A range of conservative assumptions have been used in developing the Health Investigation Levels. The variations detailed below are considered, given the nature and magnitude of the conservative assumptions, not to have practical significance nor to require adjustment of the Health Investigation Levels. Hereafter, standard assumptions will be used unless there is substance- specific information to justify alternative values.

          Soil ingestion has been assumed to be 100 mg/day, except in the case of lead where 80 mg/day was used. However, the lead HIL includes added conservatism by using an exposure component, the lead PTWI, which is considered not to result in a net increase in body burden of lead.

          Bioavailability was mostly assumed to be 100%, although this varied for organochlorines and PCB where various availabilities were given to different routes based on data.
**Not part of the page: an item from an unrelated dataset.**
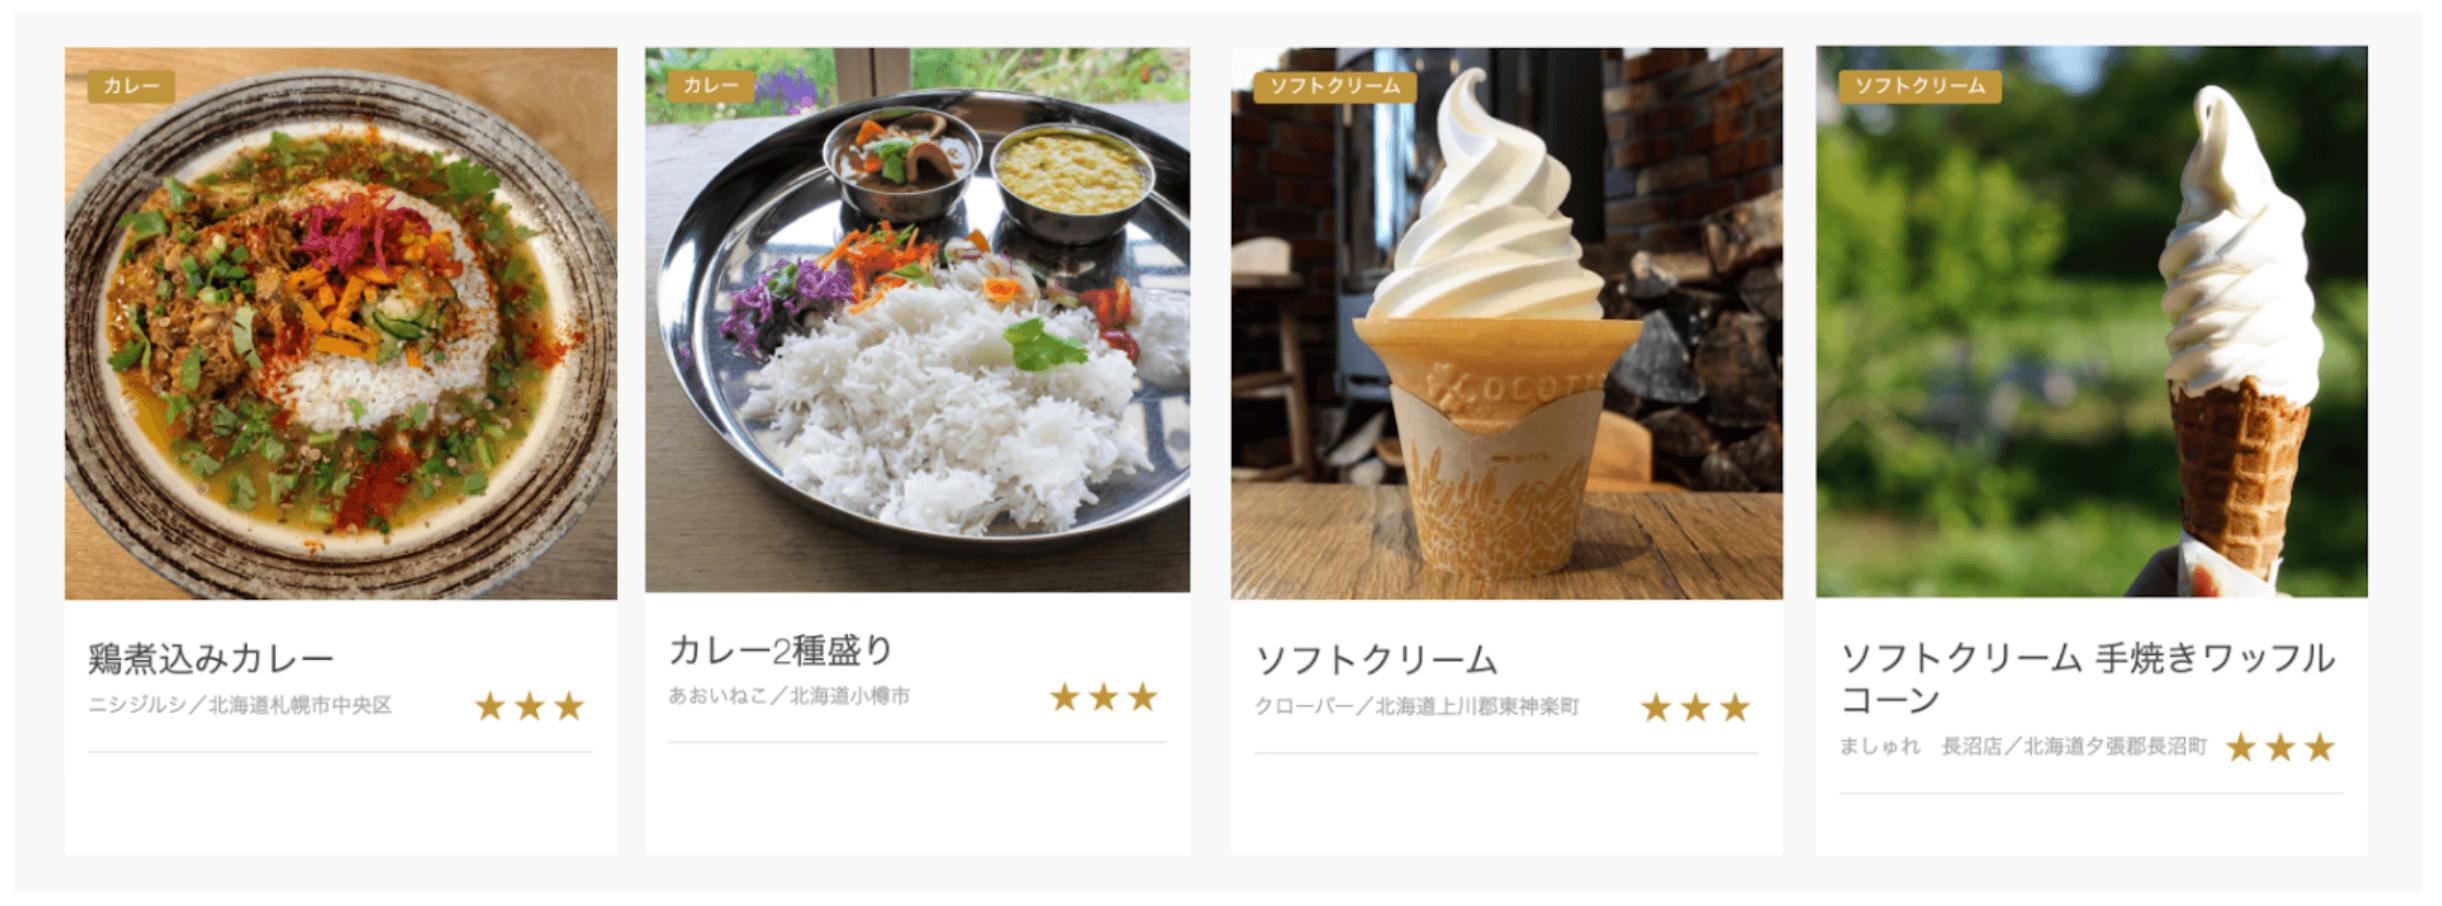 『SARAH JAPAN MENU AWARD 2020』の北海道選出店舗
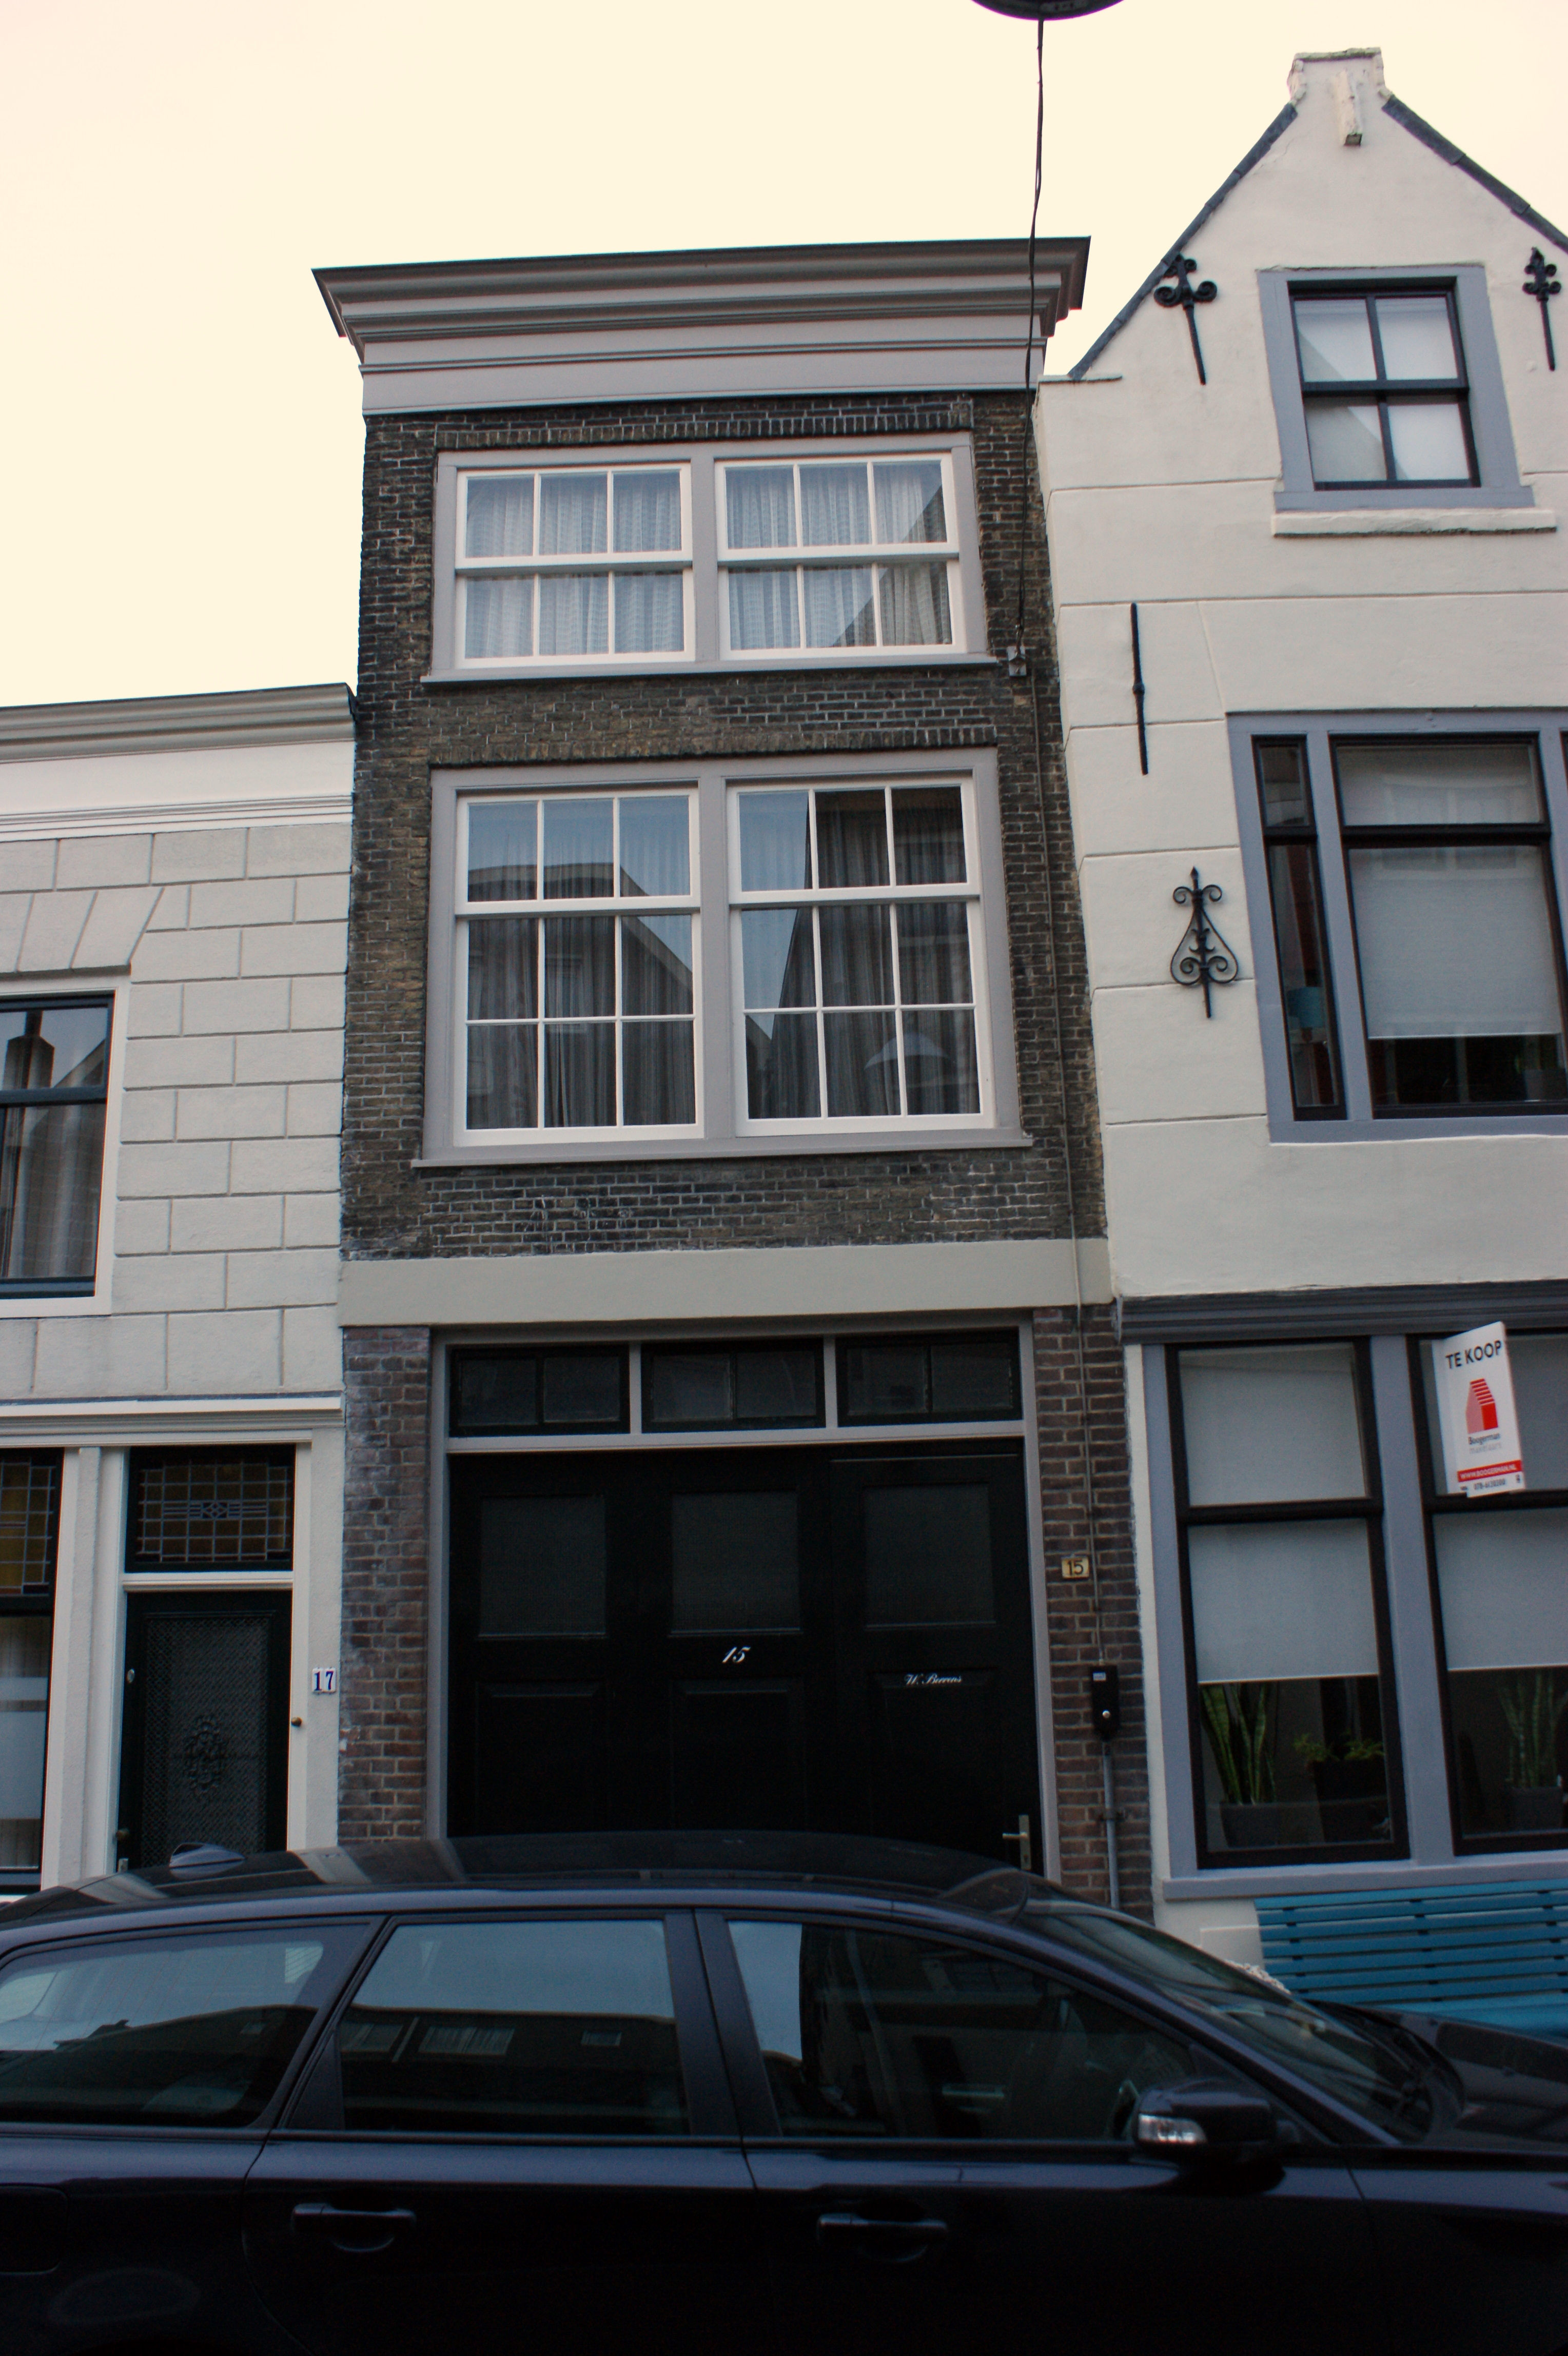 Pand met lijstgevel voor huis met in de gevel oude tweelichtskozijnen en roedenverdeling in - Oude huis gevel ...

          All exposure routes were considered but in most cases oral exposure predominated. For Ni and Cr(VI) skin sensitivity reactions formed the basis of the HIL. Dermal and inhalational uptake was significant for organochlorines, PCBs and phenol.

          The percentage of the TI allowed from exposure to contaminated soil has varied more than other assumptions. For lead and PCB 50% of PTWI was allowed, for arsenic 40% and in the range of 15 to 25% for cadmium, phenol, complexed cyanides, beryllium and mercury. These variations are largely explained by the contributions of other background factors, especially food.

          A weight of 13.2 kg was used generally for the weight of the target child, but occasionally 12 kg and, for zinc, 10 kg.